According to the memo, Republican efforts to repeal and replace the ACA will focus on the following areas:
• Repealing the ACA’s Medicaid expansion and allowing states to choose between block grands or per capita grants for Medicaid funding. States could choose to use those grants and per capita grants to keep expansion.
• Rebranding high-risk pools as “state innovation grants” to provide states with flexibility to design coverage that meets the needs of their populations. States could use the innovation grants to reduce patient out-of-pocket costs, lower the cost of providing care, stabilize the individual and small-group markets, provide access to preventive care, and promote participation in private health care plans.
• Promoting health savings accounts tied to high-deductible plans through increasing maximum contribution limits and other administrative fixes to allow for greater flexibility in their use.
• Replacing ACA premium subsides with refundable flat tax credits. Credit would be age-based, with younger recipients receiving smaller credits and older taxpayers being eligible for more. Tax credits would be available to those who are not eligible to receive coverage through other sources, such as an employer or government program.
Many of these provisions were included in a health reform plan known as A Better Way, which was announced in June 2016 by House Speaker Paul Ryan (R-Wis.).
Like Mr. Trump’s outline to Congress, the GOP talking-points memo was light on specifics, including how the bill will be paid for, how much money will be distributed to states for Medicaid, and how these provisions would alter current insurance coverage rates, which government actuaries project would reach 91.5% by 2025 under current law.
The GOP talking-points memo followed a Feb. 10 discussion draft that included the legislative language required to implement these concepts and allowed insurers to charge higher premiums to people with coverage lapses; repealed a number of taxes imposed on insurers, pharmaceutical companies, and device manufacturers; eliminated many of the ACA’s essential benefits; and ended tax penalties on companies that do not provide coverage to their employees.
This proposal, however, is already running into opposition from House Republicans, with reports stating that blocks of Republicans would not approve of the provisions.
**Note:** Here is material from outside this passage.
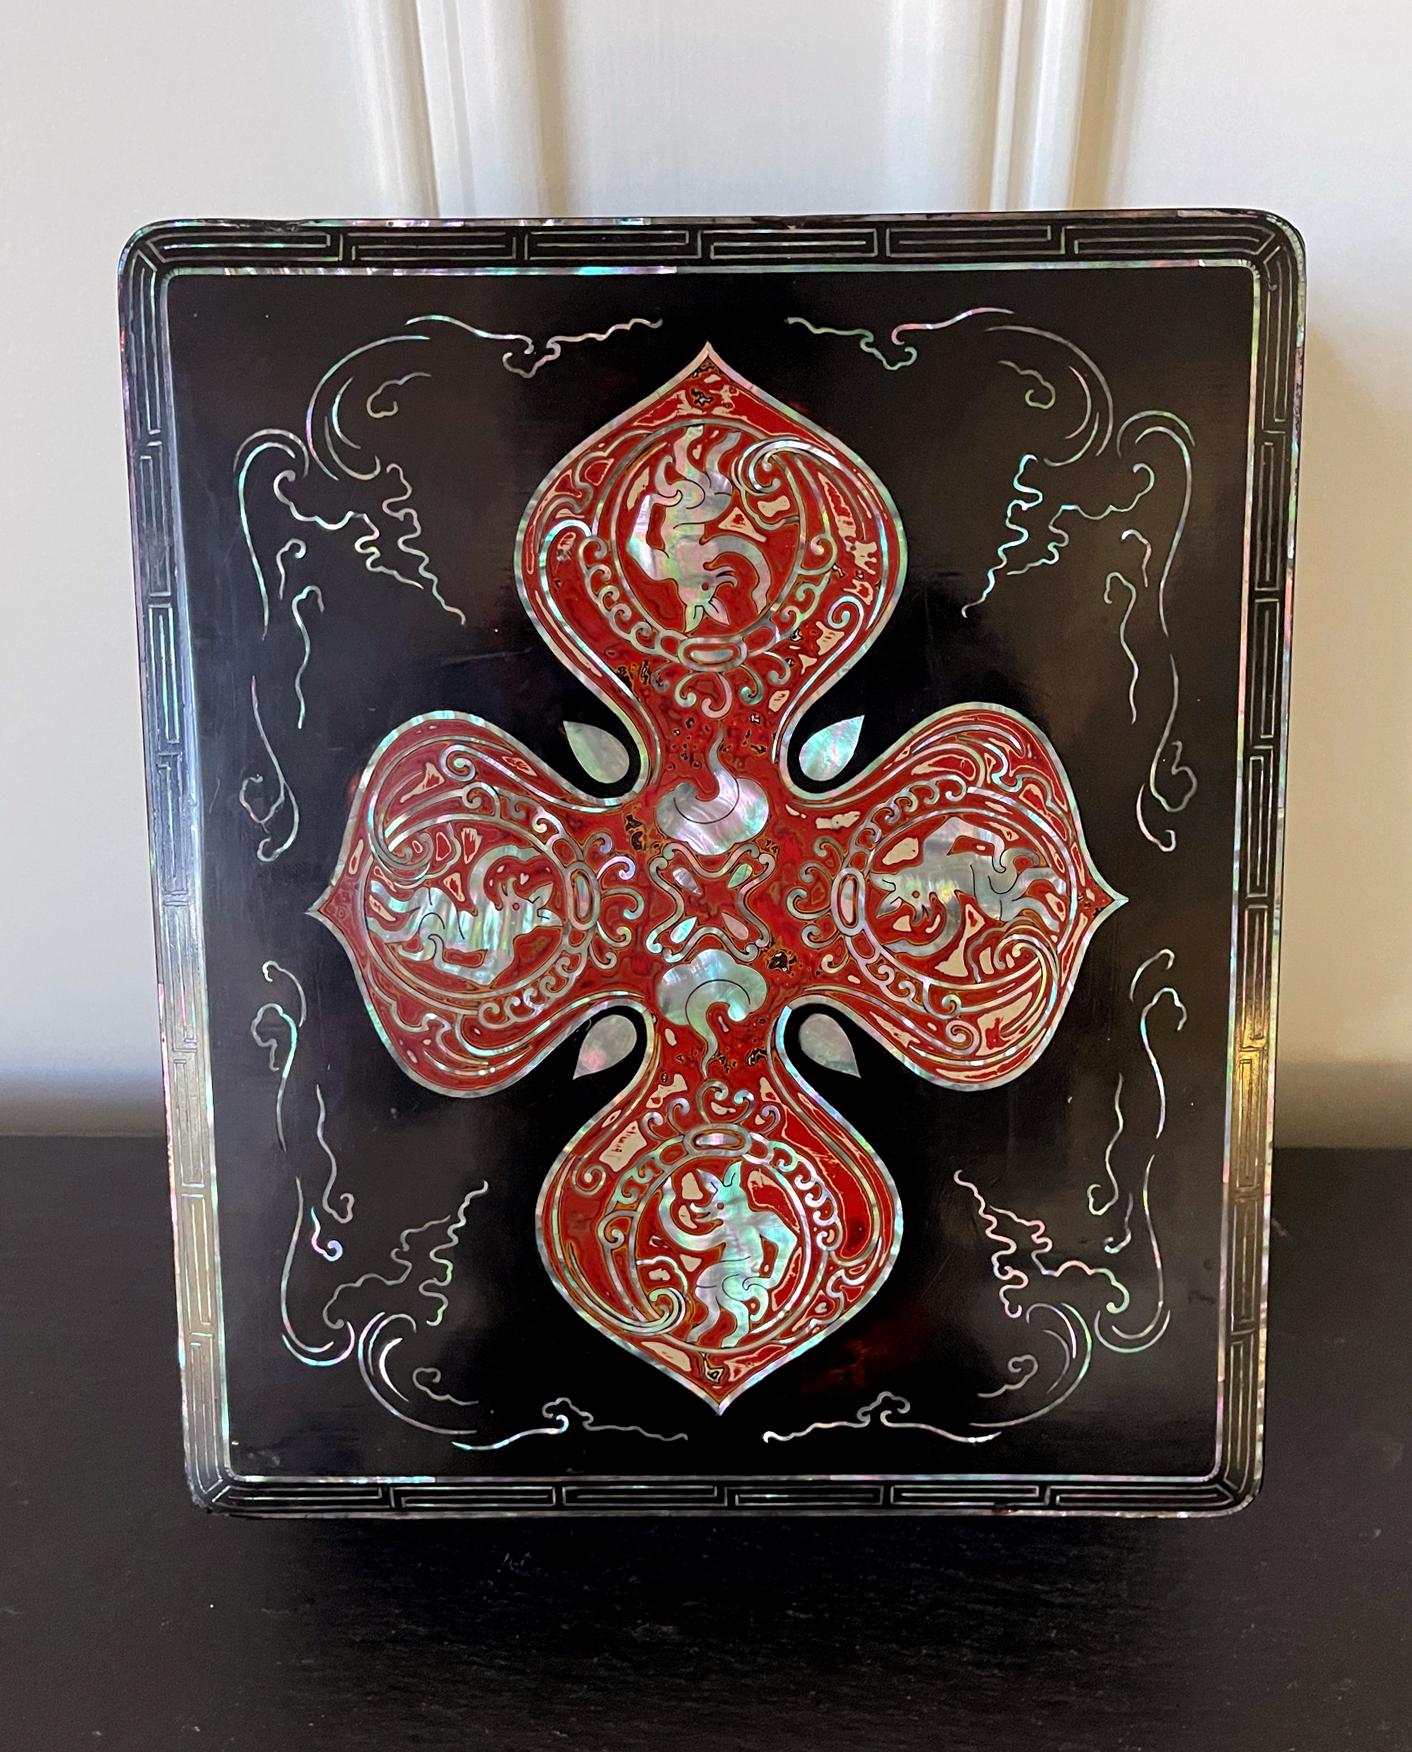 A Japanese black lacquer box with mother of pearl inlays circa early 20th century, end of Meiji period. It was likely to be used to store inkstone or other scholarly items. The piece displays several interesting characteristics that appear puzzling

It also could run aground in the Senate, where Sen. Lamar Alexander (R-Tenn.), chairman of the Committee on Health, Education, Labor, and Pensions, has expressed his intent to tackle heath care reform in pieces (public programs, the individual market, and employer market) to avoid getting bogged down in one overarching piece of legislation.
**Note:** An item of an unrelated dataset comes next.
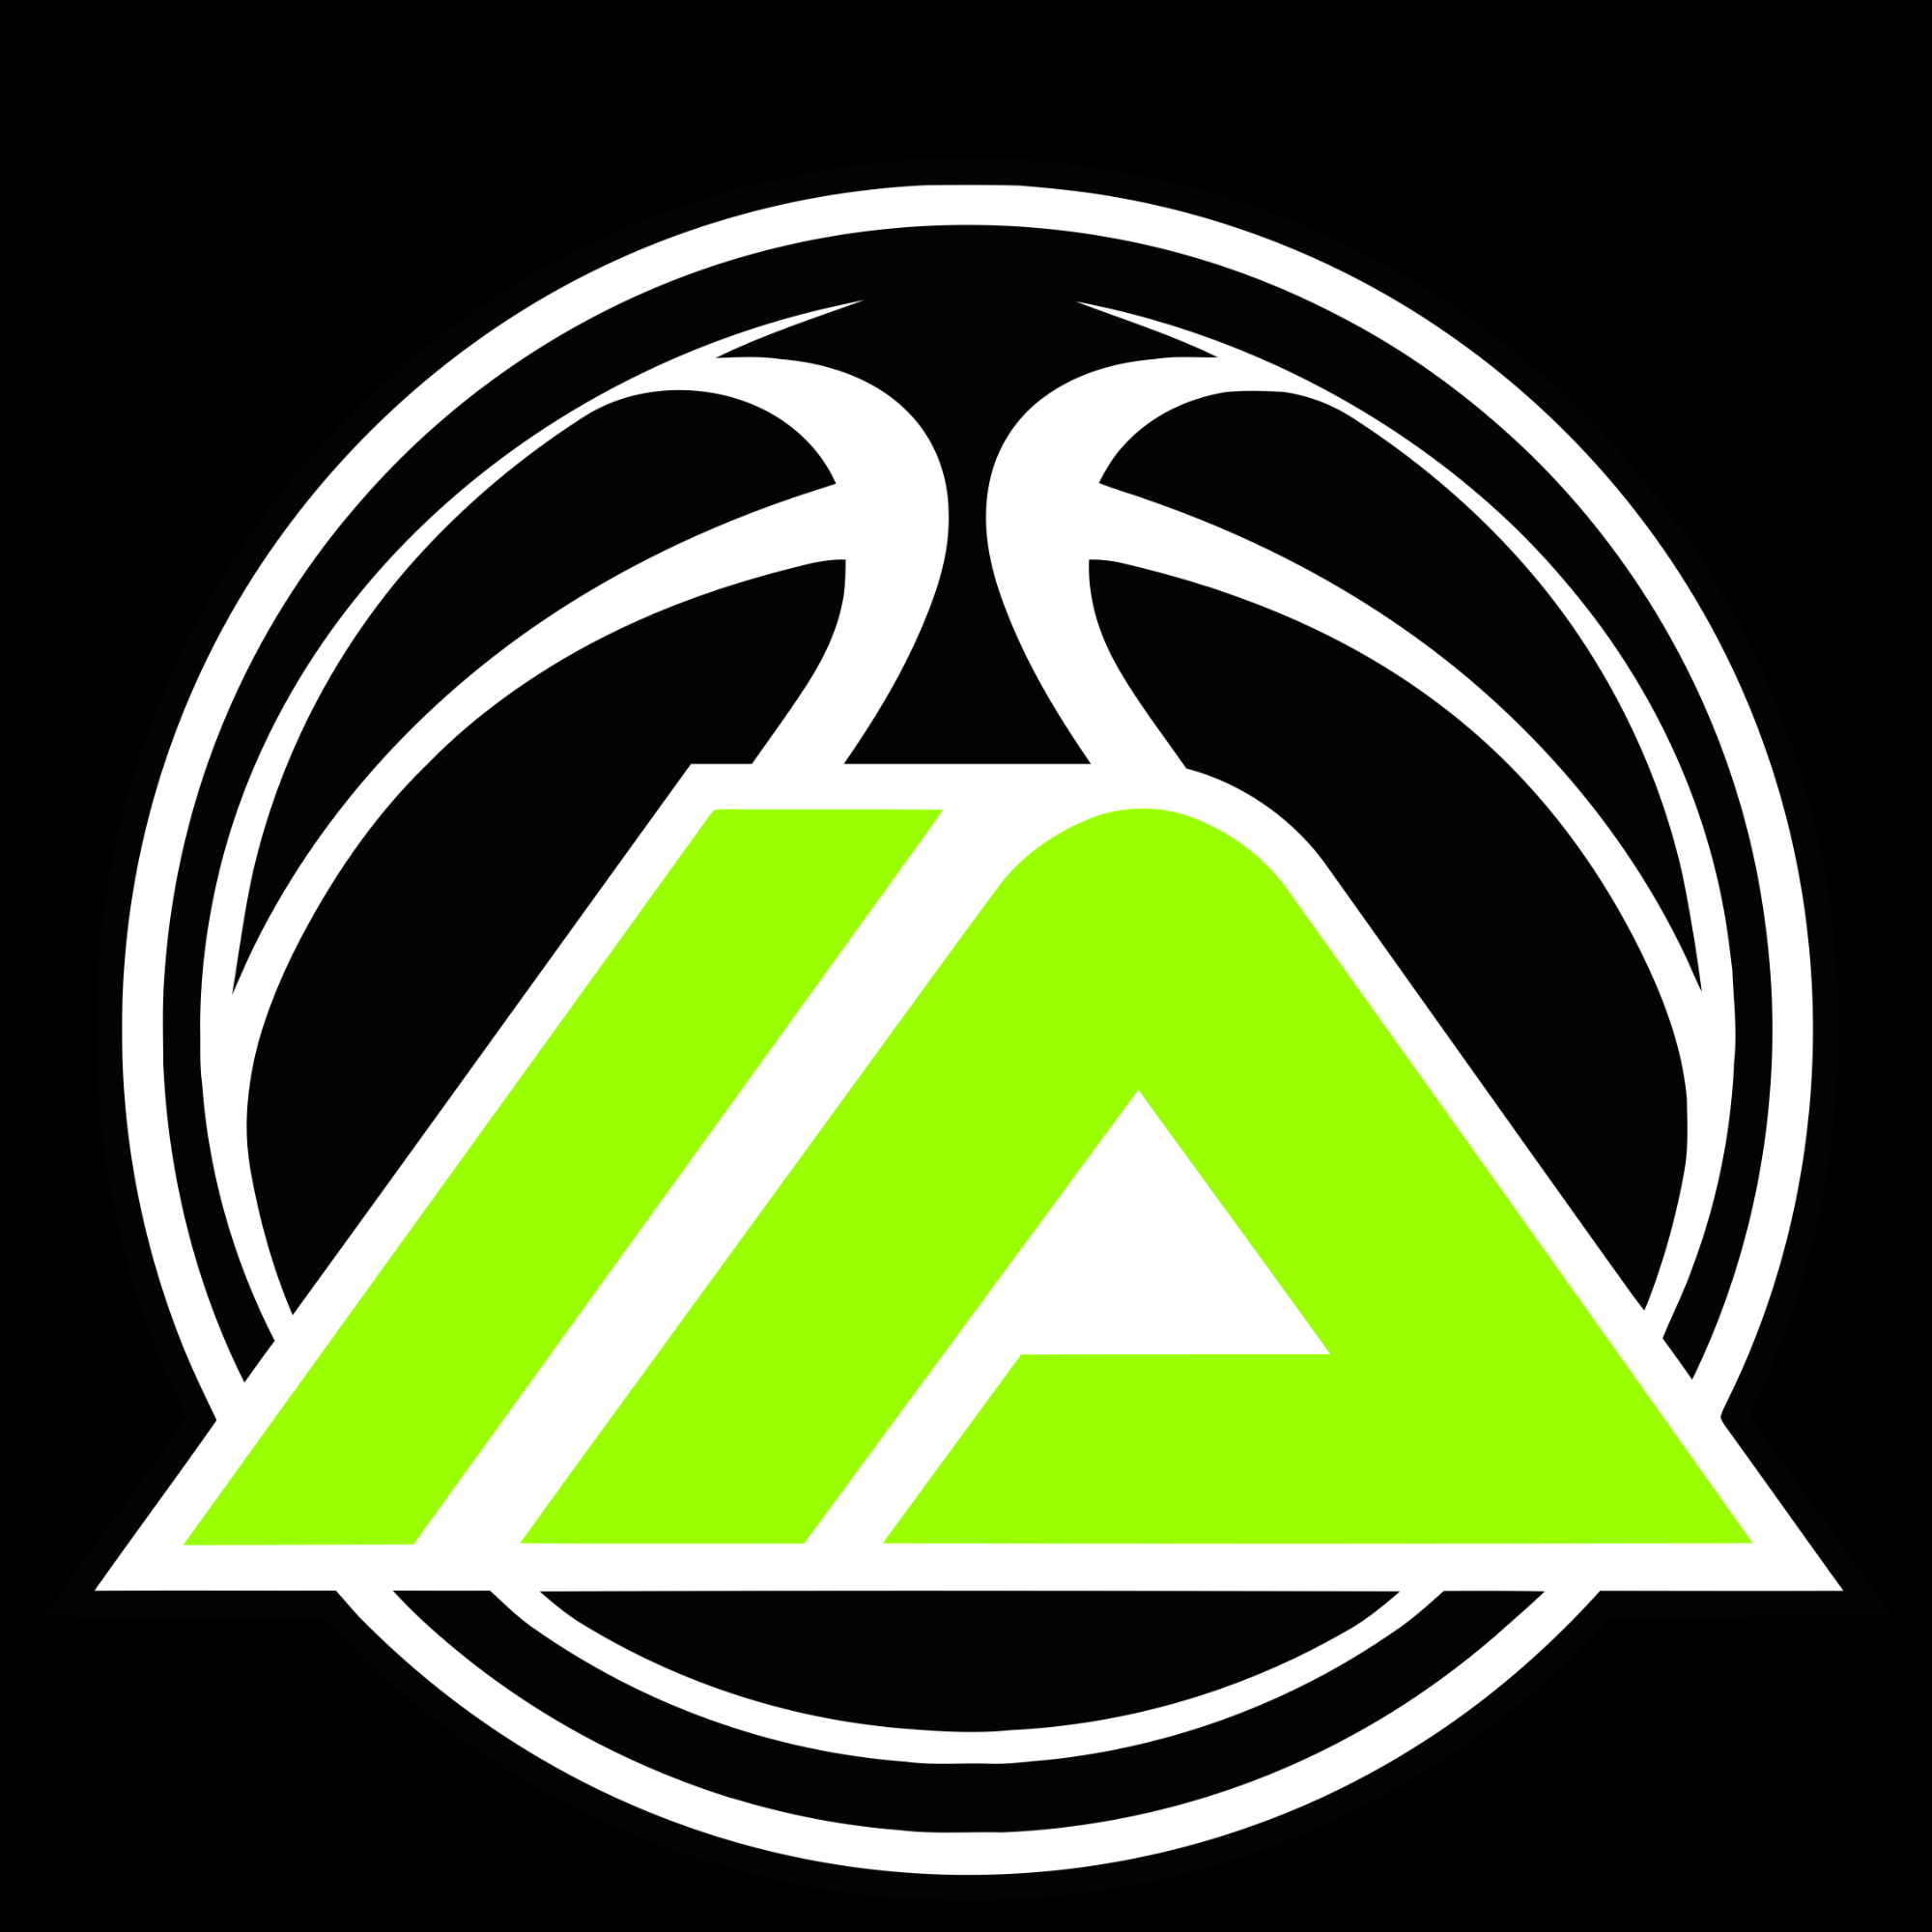 The official logo of Inspired Athletics

Getting Republicans on the same page is going to be a huge hurdle to get any legislation passed long before it comes down to trying to secure any Democratic votes to help pass any replacement legislation.
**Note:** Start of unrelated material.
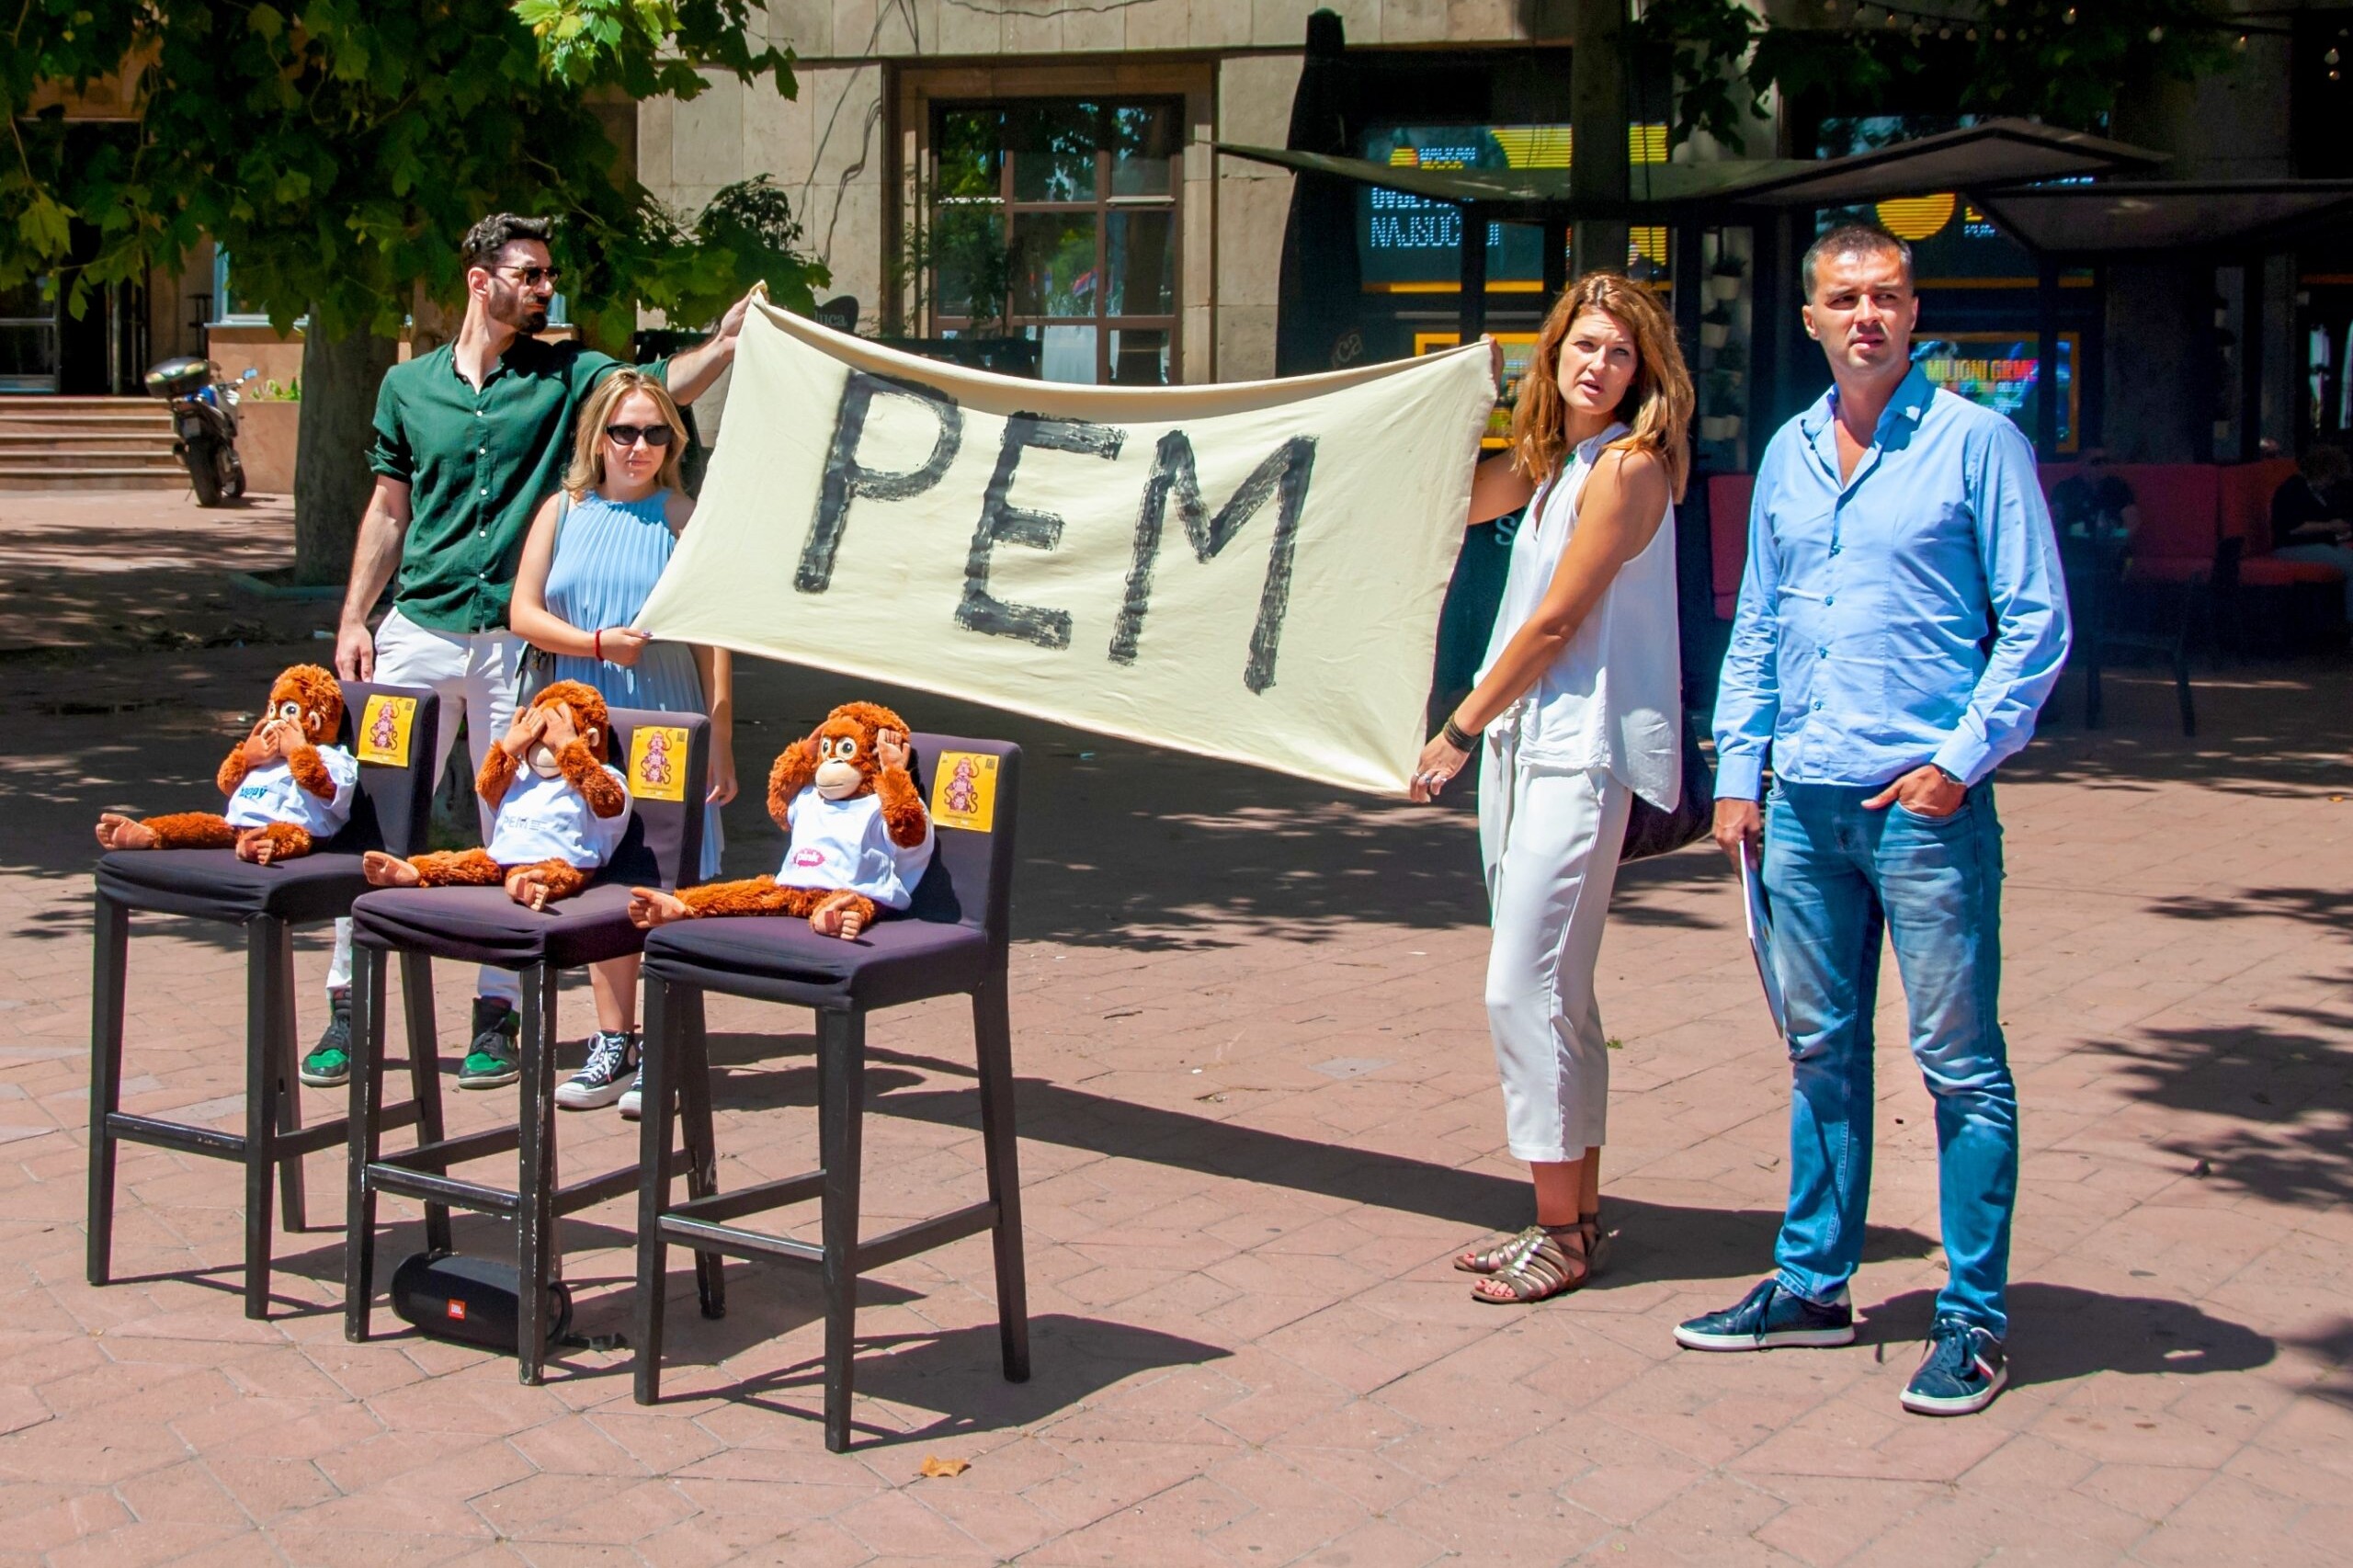 Protesters against REM in Belgrade, Serbia

As former House Speaker John Boehner told physicians and health care IT leaders at the HIMSS annual conference on Feb. 23, “In the 25 years that I served in the Unites States Congress, Republicans never ever one time agreed on what a health care proposal should look like. Not once. … If you repeal without replace, anything that happens is your fault. You broke it. … If you pass repeal without replace, you’ll never pass replace because they will never ever agree on what the [replacement] bill should be.”